GÜNCEL EGE YEREL YÖNETİMLER EKONOMİ POLİTİKA SPOR RÖPORTAJLAR YAZAR CAFE FOTO GALERİ VİDEO GALERİ
İş Dünyası
26 Aralık 2023 Salı 17:58

Kestelli'den faiz mesajı: Oranlar büyümeyi yavaşlatıyor

İTB Yönetim Kurulu Başkanı Işınsu Kestelli, “Enflasyonla mücadele amacıyla artırılan faiz oranları üretimi zorluyor ve dolayısıyla ekonomik büyümeyi doğal olarak yavaşlatıyor. Ekonomide acı reçete olarak adlandırılan bu yaşadığımız süreci, reel sektörün üretim gücünü koruyarak ve halkımızın enflasyon nedeniyle yaşadığı geçim sıkıntısına çare üreterek bir an önce atlatmak zorundayız” dedi

Diren ÇELİK / EGEDESONSÖZ - İzmir Ticaret Borsası Aralık ayı meclis toplantısı İzmir Ticaret Odası Meclis Salonu’nda gerçekleştirildi. Toplantıda konuşan Yönetim Kurulu Başkanı Işınsu Kestelli ve Meclis Başkanı Ömer Gökhan Tuncer sözlerine Pençe Kilit Harekatında şehit olan askerler için başsağlığdileklerinde bulundu. Toplantıda ayrıca, 2023 yılı değerlendirildi.

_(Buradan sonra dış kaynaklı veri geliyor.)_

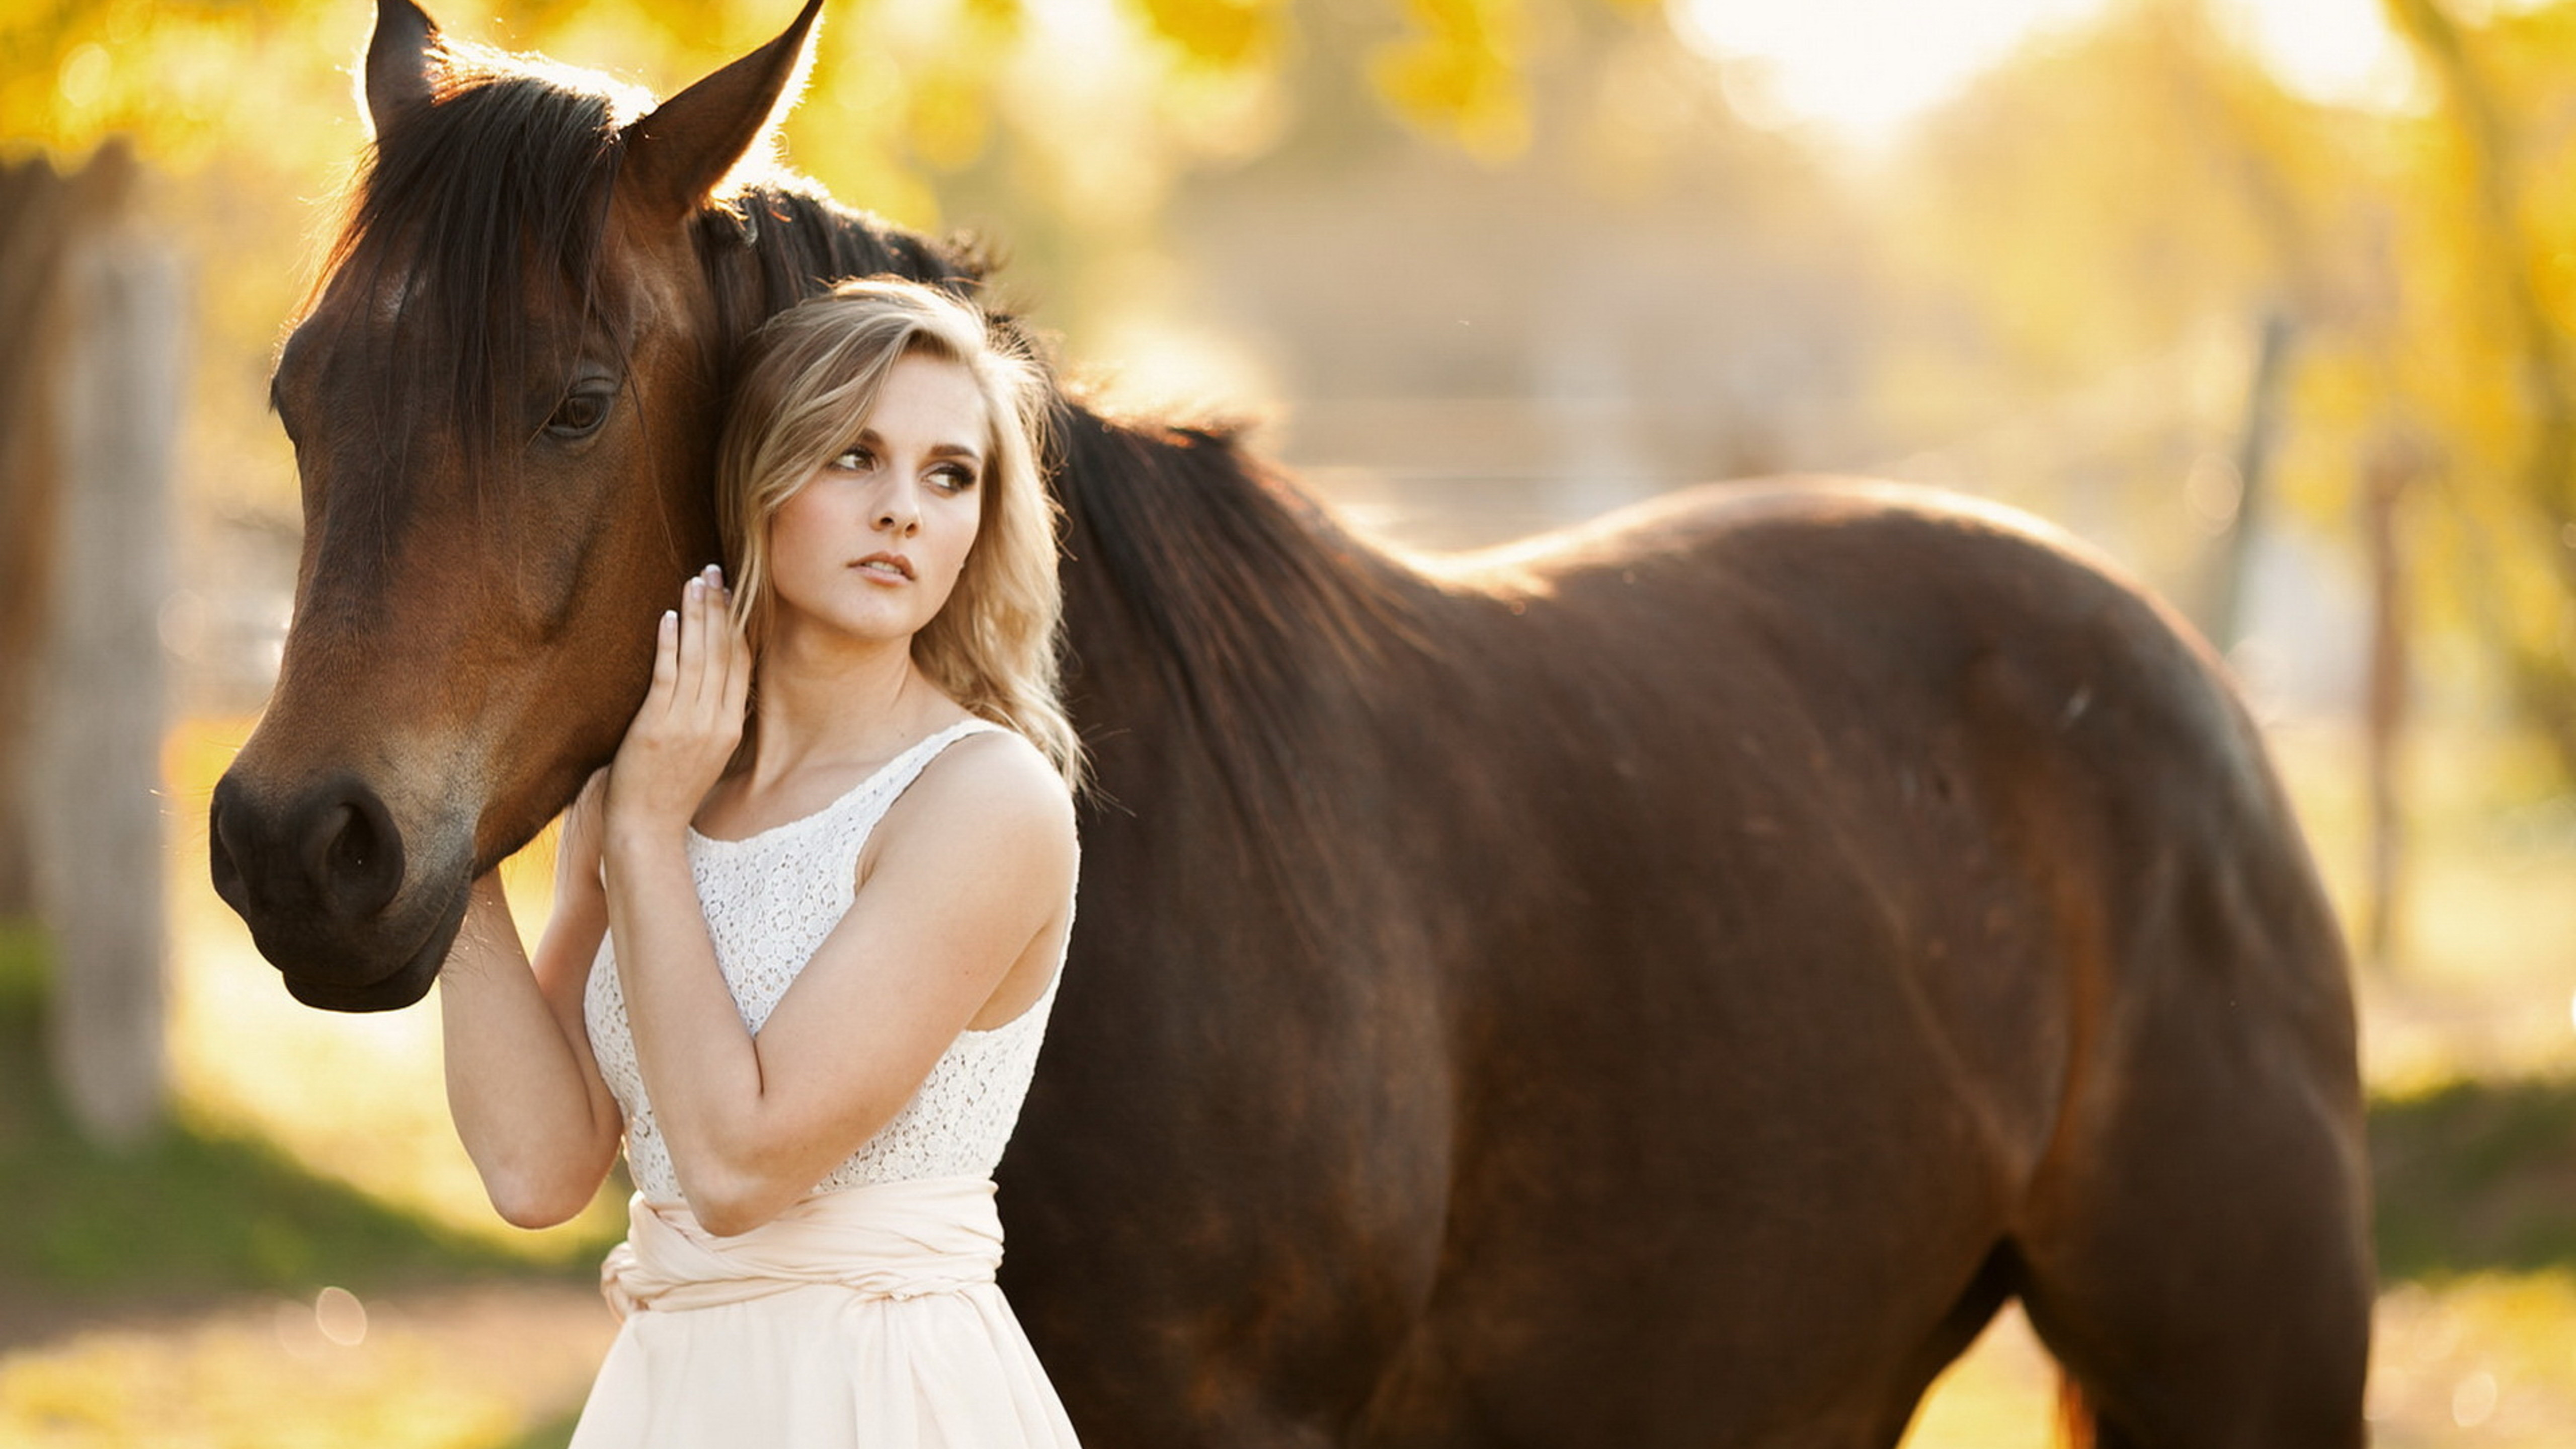 Девки и лошади. Девушка с лошадью. Фотосессия с лошадкой. Девочка на лошади. Красивая фотосессия с лошадью.

GEÇİM SIKINTISINA ÇARE ÜRETİLMELİ
Başkan Kestelli ekonomide yapısal reformların şart olduğunun altını çizerek, “Depremin neden olduğu hasar, yüksek enflasyon ve maliyet artışları, baskılanan faiz oranları ve döviz kuru ekonomik dengeleri olumsuz etkilemişti. Yeni ekonomi yönetimi rasyonel politikalara dönüşü ısrarla vurgulayarak Orta Vadeli Programı hazırladı. Makroekonomik ve finansal istikrarın sağlanması, Enflasyonun tek haneye düşürülmesi, Yatırım, istihdam, üretim, ihracat perspektifinde büyüme ve istihdamın devam ettirilmesi, Sosyal adalet ve refahın güçlendirilmesi şeklinde dört temel amacı olan programı piyasalarda olumlu karşılandı. Enflasyonla mücadele amacıyla artırılan faiz oranları üretimi zorluyor ve dolayısıyla ekonomik büyümeyi doğal olarak yavaşlatıyor.Ekonomide acı reçete olarak adlandırılan bu yaşadığımız süreci, reel sektörün üretim gücünü koruyarak ve halkımızın enflasyon nedeniyle yaşadığı geçim sıkıntısına çare üreterek bir an önce atlatmak zorundayız.Fiyat istikrarı için atılan adımları olumlu buluyoruz ama sorunlarımızın sadece mali ve finansal önlemlerle çözülemeyeceğinin, kalıcı iyileşme için yapısal reformların da şart olduğunun bir kez daha altını çiziyoruz” diye konuştu.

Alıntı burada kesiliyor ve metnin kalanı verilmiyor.